Replaces the broken `fp8_nvfp4_mega_moe` kernel from DeepGEMM with a working CUTLASS-based implementation that emits real `SM100_MMA_MXF4_SS` tensor core instructions.
---
## Architecture
DeepSeek-V4-Pro is a 384-expert MoE model with expert parallelism across 8 ranks (B200 GPUs). Each rank handles 48 experts. For each token, the router picks the top-6 experts.
### The MoE Forward Pass
```
Input hidden states (BF16)
┌─────────────────┐
│ Shared Experts │ ← vLLM native FlashInfer CUTLASS NVFP4 path
│ (gate + up → │ (not our kernel)
│ SiLU * up → │
│ down) │
└─────────────────┘
Staging Kernel (vLLM built-in)
BF16 → packed E2M1 (int8) + UE4M3 block-16 scales (uint32)
Writes to SymmBuffer.x / SymmBuffer.x_sf
Router (vLLM built-in)
Writes topk_ids / topk_weights to SymmBuffer
┌─────────────────────────────────────────────────┐
│ nvfp4_mega_moe_full │ ← nvfp4_mega_moe.py
│ │
│ 1. Read staged activation from buffer │
│ 2. Build slot mapping (token, topk) → local │
│ expert, routing weight │
│ 3. L1 GEMM: gate_up_proj (slot-based) │ ← CUTLASS NVFP4 block-scaled
│ E2M1 × E2M1 + UE4M3 scales │ SM100_MMA_MXF4_SS PTX
│ → BF16 per-slot output (6144-wide) │
│ 4. SiLU(gate) * up PER SLOT │
│ (nonlinearity before combining paths) │
│ 5. stage_activation: BF16 → FP4 │ ← proper E2M1 quantization
│ 6. L2 GEMM: down_proj (slot-based) │ ← CUTLASS NVFP4 block-scaled
│ E2M1 × E2M1 + UE4M3 scales │ SM100_MMA_MXF4_SS PTX
│ → BF16 per-slot output (7168-wide) │
│ 7. Final scatter: │
│ y.index_add_(slot_token, │
│ slot_weight * l2_slots) │
│ Routing weight applied ONCE at scatter │
└─────────────────────────────────────────────────┘
Cross-rank all-reduce (vLLM built-in)
```
### Slot-Based Dispatch
The kernel uses a **slot representation** instead of collapsing expert outputs early.
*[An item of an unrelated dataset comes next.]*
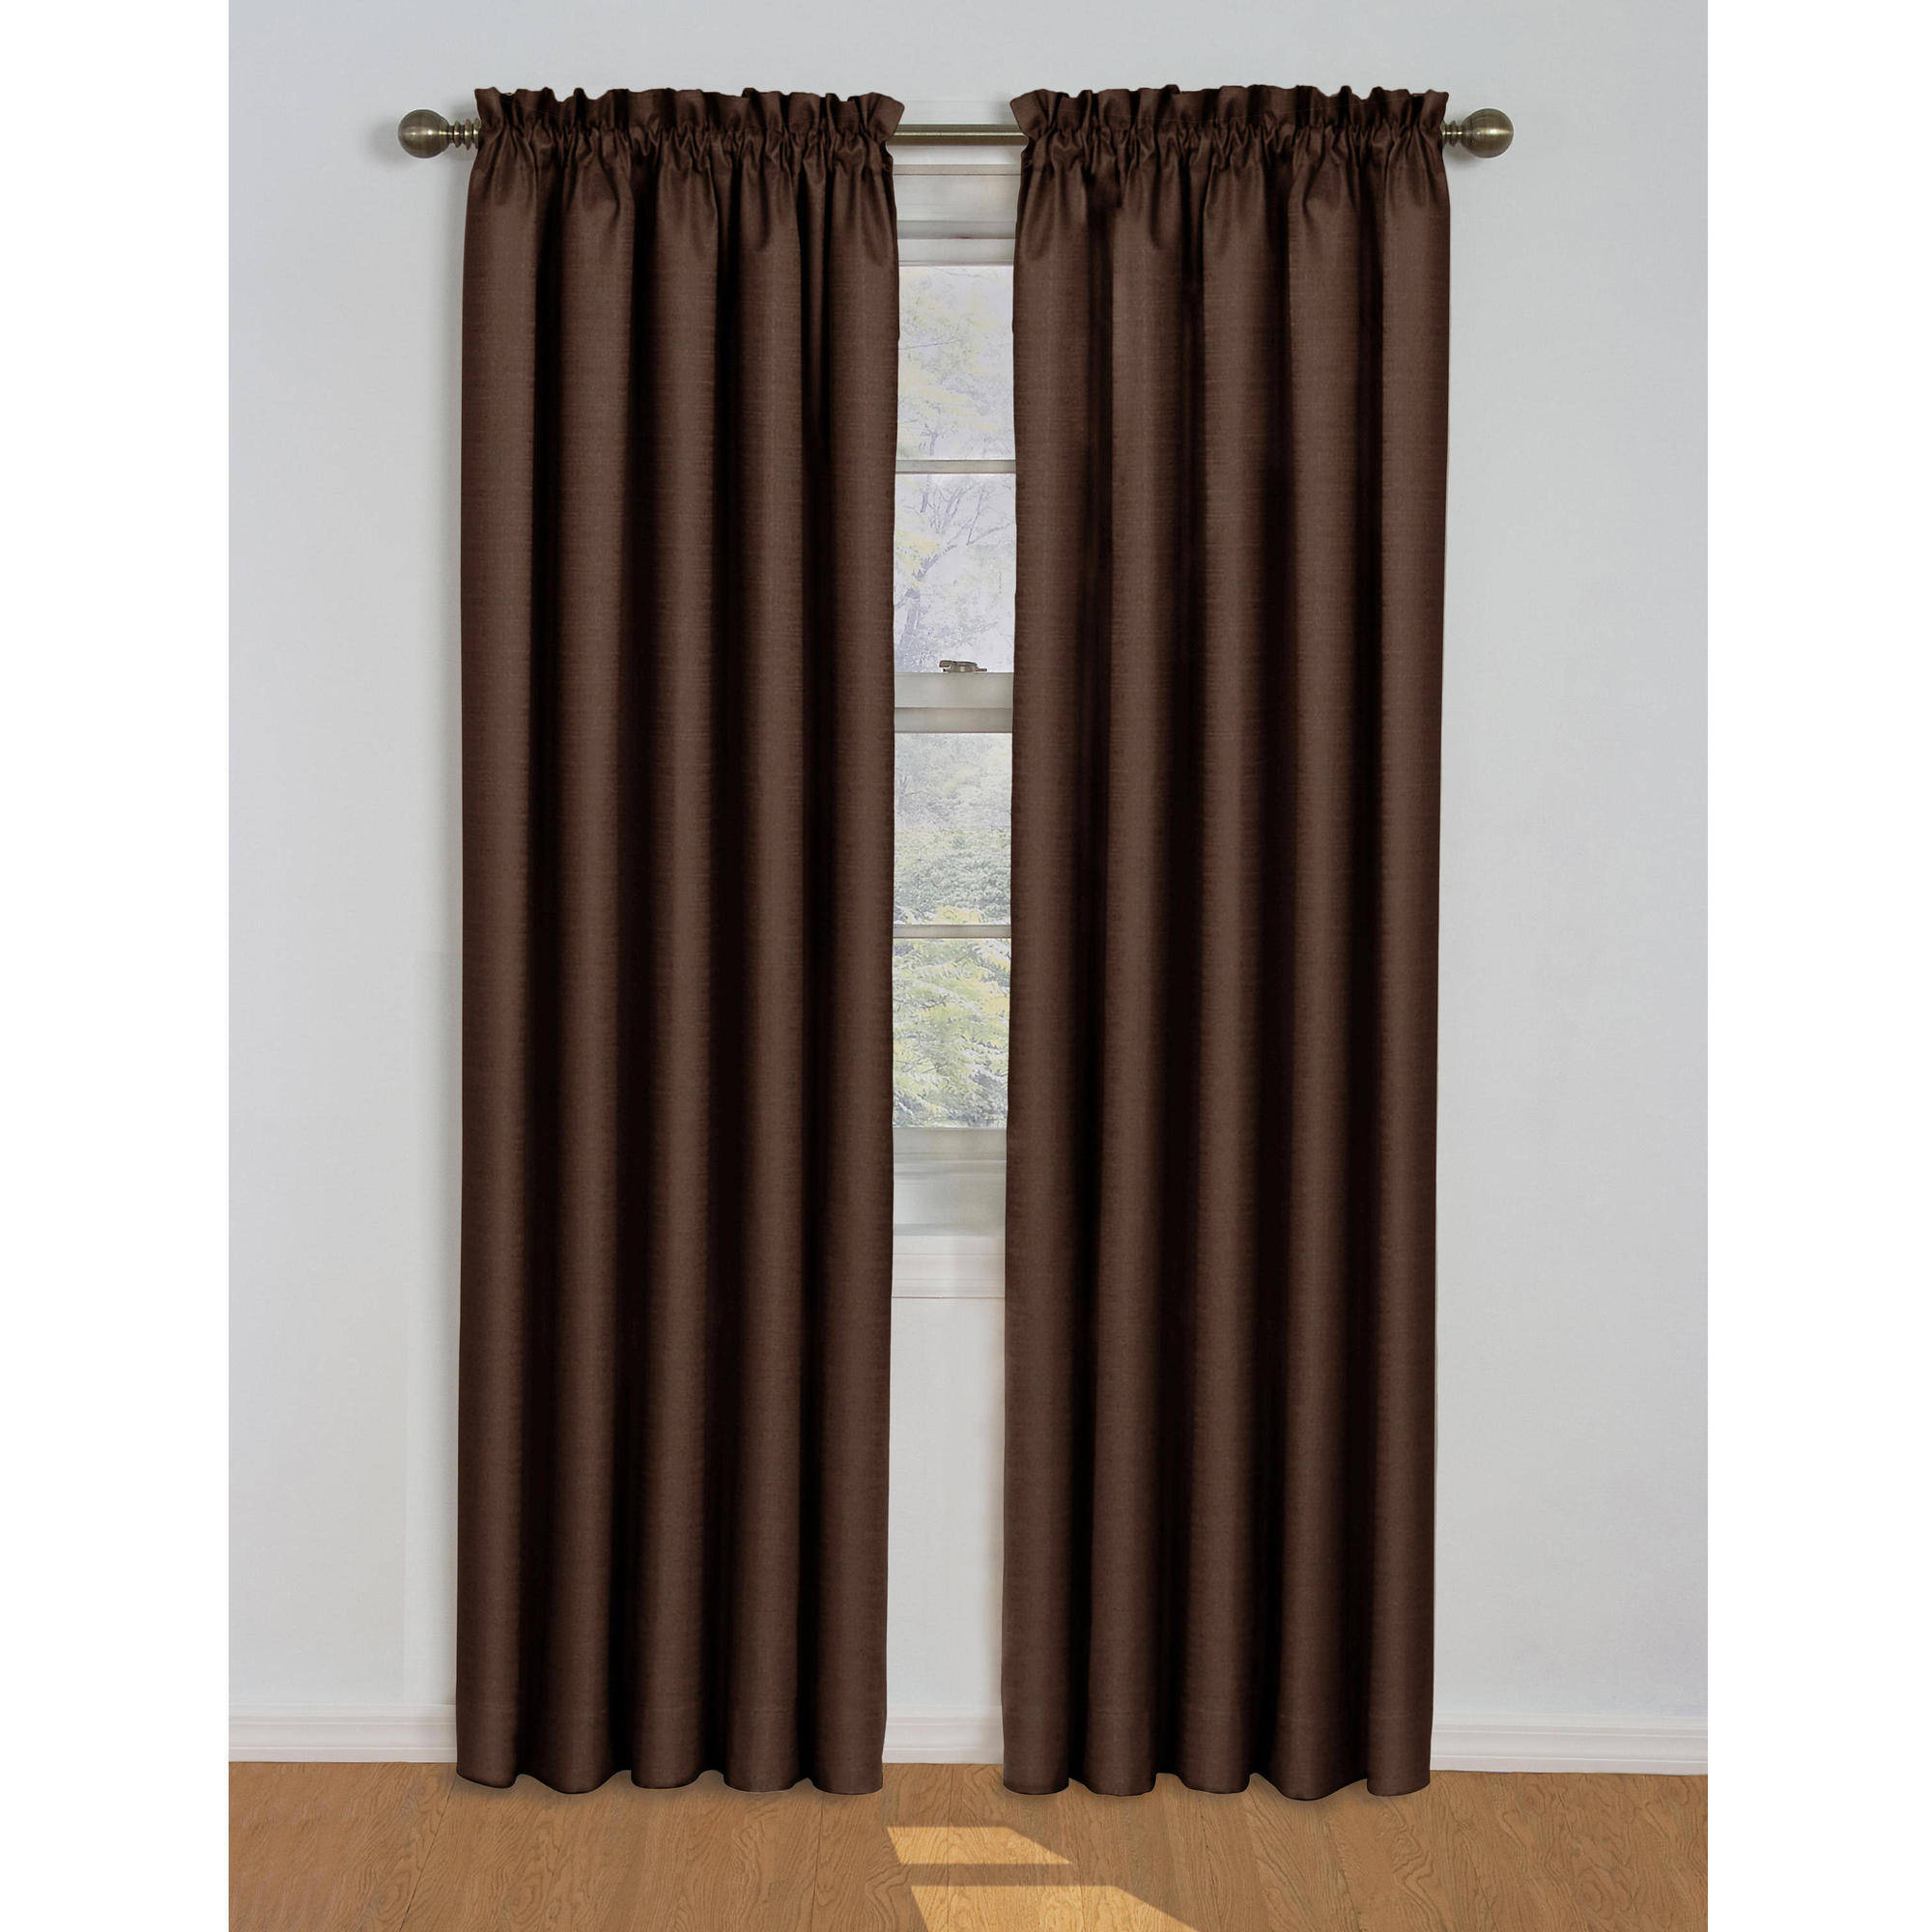 Eclipse Samara Blackout Energy-Efficient Thermal Curtain Panel

A slot is one `(token, topk_expert)` pair. For a batch of T tokens with top-6 routing, there are up to 6T slots (fewer if some experts are out of the local rank's range).
**Why slots?** Two bugs in the previous approach:
1. **SiLU after summing is mathematically wrong.** `silu(Σ wᵢ·gateᵢ) * (Σ wᵢ·upᵢ) ≠ Σ wᵢ·silu(gateᵢ)·upᵢ`. The nonlinearity must happen per-expert-path before combining.
2. **Routing weights applied twice.** The old grouped GEMM applied `topk_weights` in its scatter loop, and was called for both L1 and L2 — squaring the weights.
The slot approach fixes both: SiLU+Mul happens per-slot, and routing weights are applied exactly once at the final `index_add_` scatter.
### SFB (Weight Scale Factors) — Remapped Per-Call, NOT Cached
Weight scale factors (SFB) are remapped from row-major to CUTLASS interleaved layout on every GEMM call. This is a lightweight scatter kernel (~µs) and is NOT the bottleneck compared to the GEMM itself.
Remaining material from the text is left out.